## [PROBLEM TO SOLVE]
Without the pictures, write out all the lines below exactly as they appear.

## [SOURCE MATERIAL]
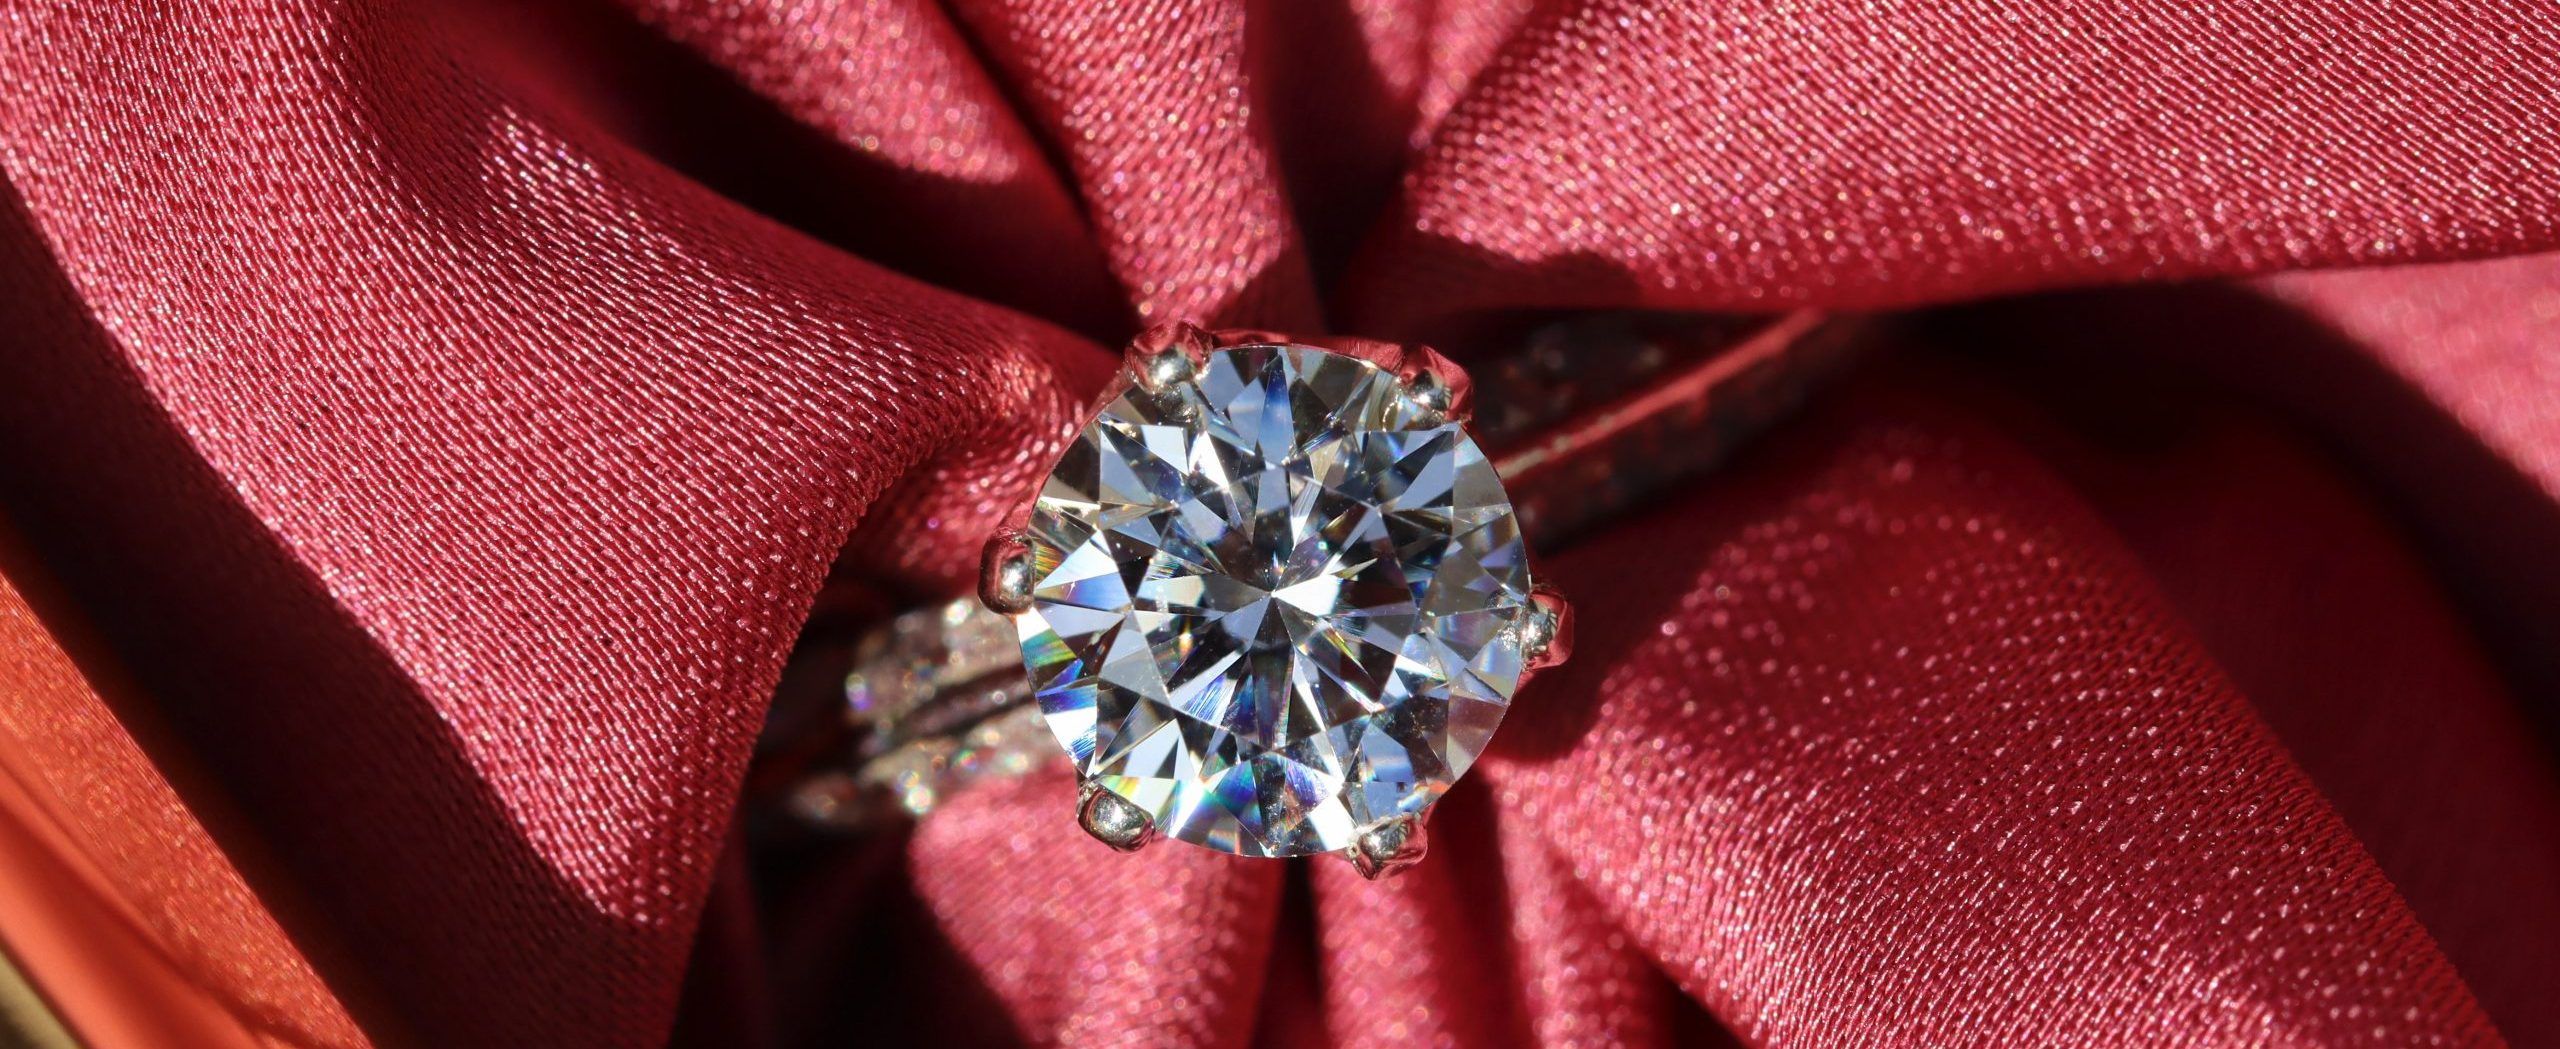 Diamond Ring by Sabrianna
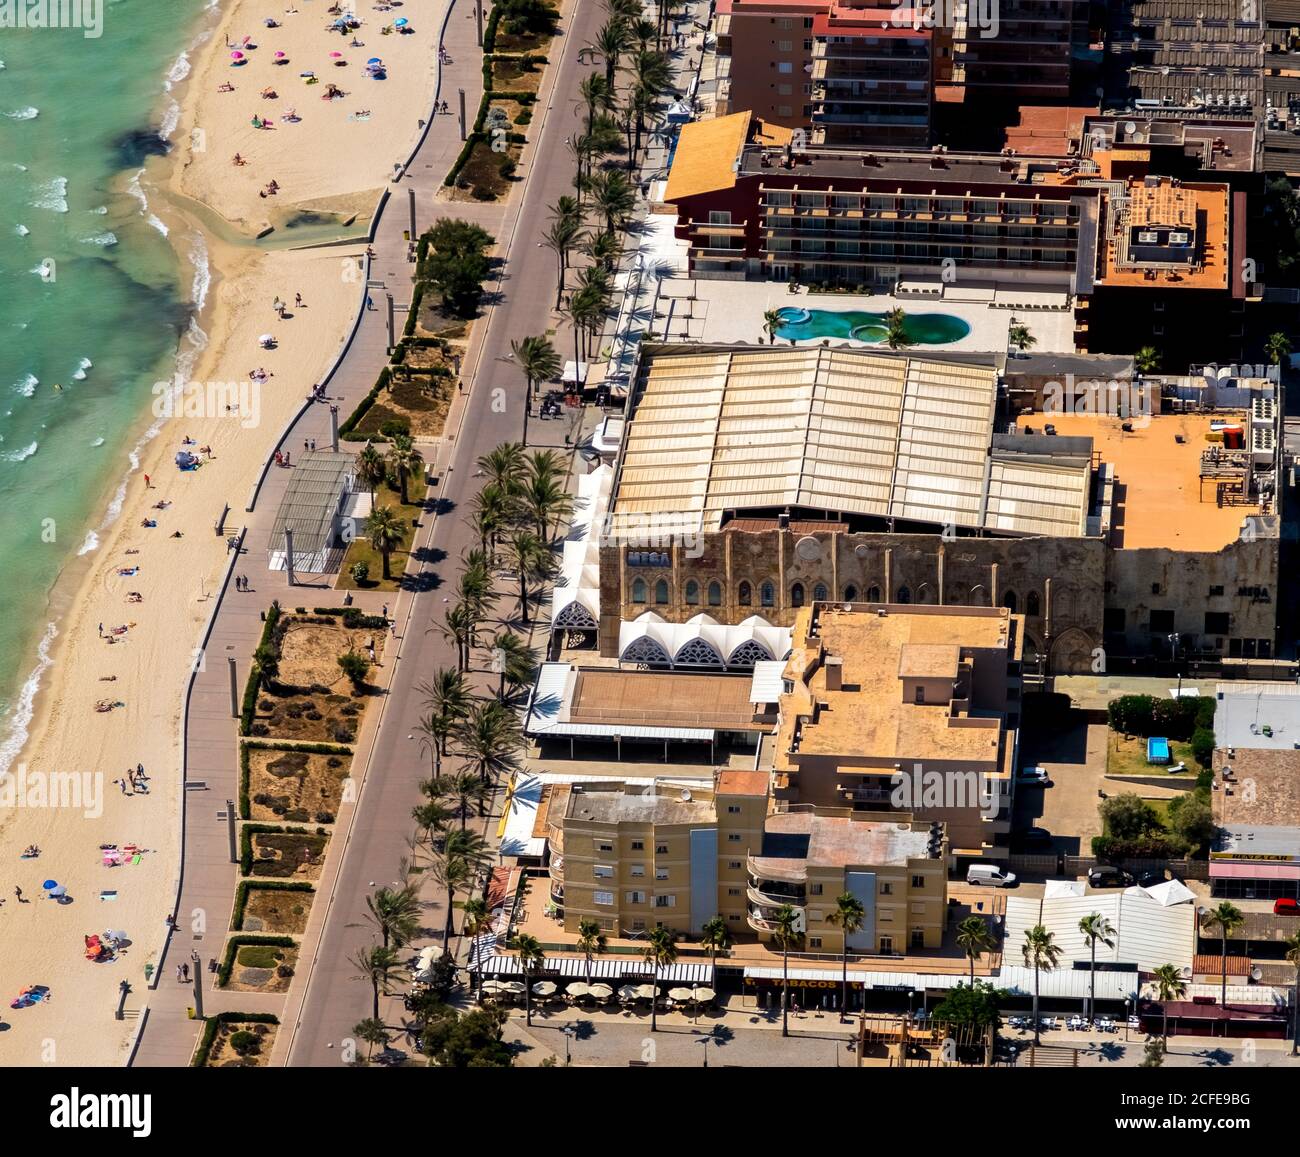 Vista aérea, gran parque cerrado, playa Arenal con Balneario 5, Balneario 6, Balneario 5, S'arenal, Arenal, Ballermann, Mallorca, Baleares Foto de stock
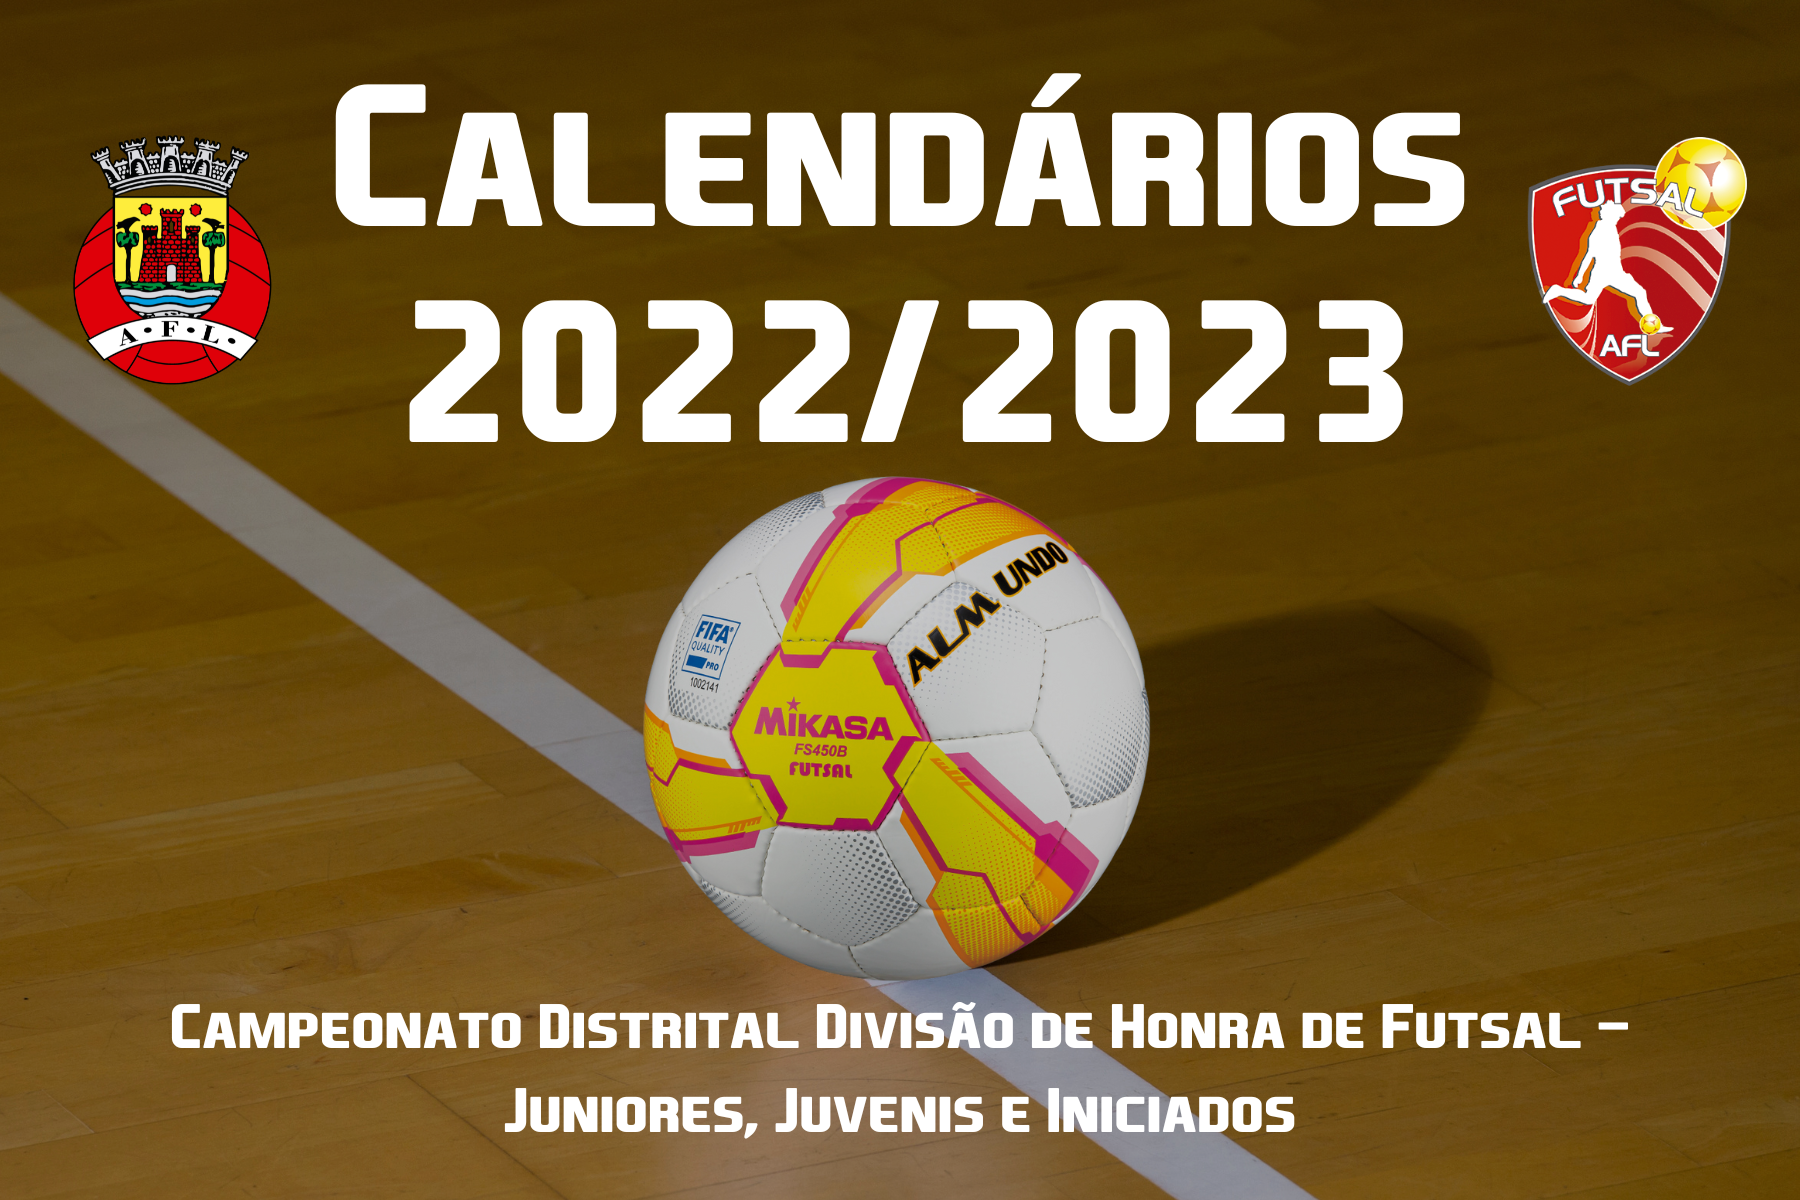 Calendários do Campeonato Distrital Divisão de Honra de Futsal conhecidos
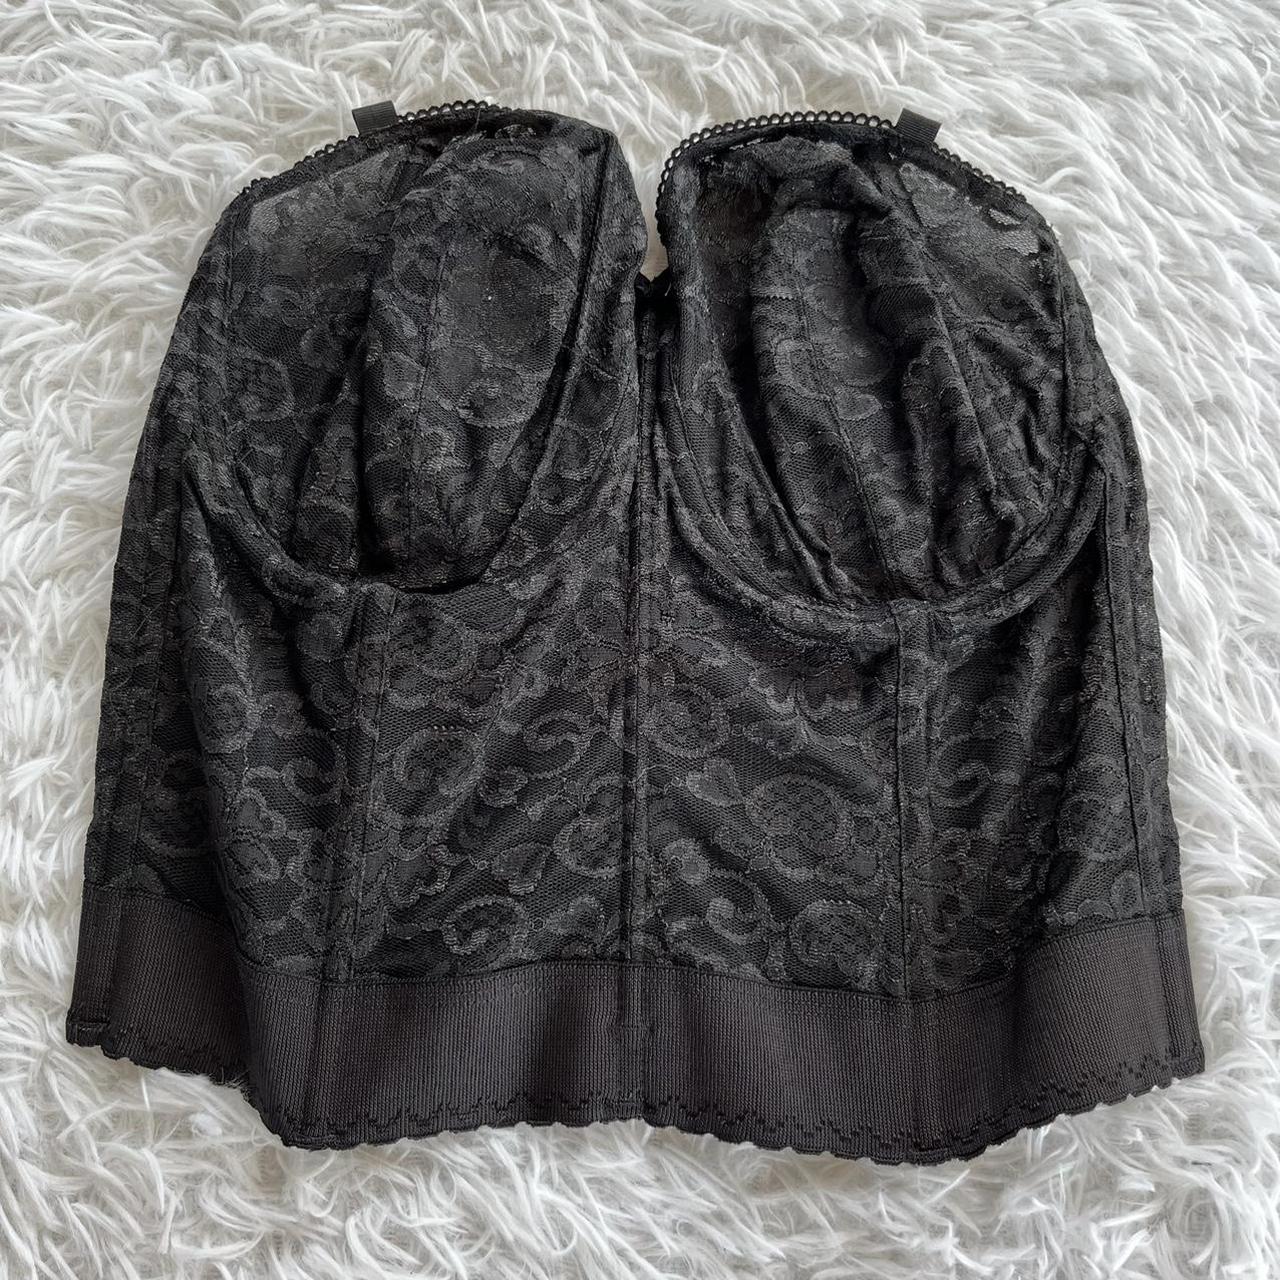 Product Image 1 - black lace detail corset size

## [WRITTEN ANSWER]
 Diamond Ring by Sabrianna
 Vista aérea, gran parque cerrado, playa Arenal con Balneario 5, Balneario 6, Balneario 5, S'arenal, Arenal, Ballermann, Mallorca, Baleares Foto de stock
 Calendários do Campeonato Distrital Divisão de Honra de Futsal conhecidos
 Product Image 1 - black lace detail corset size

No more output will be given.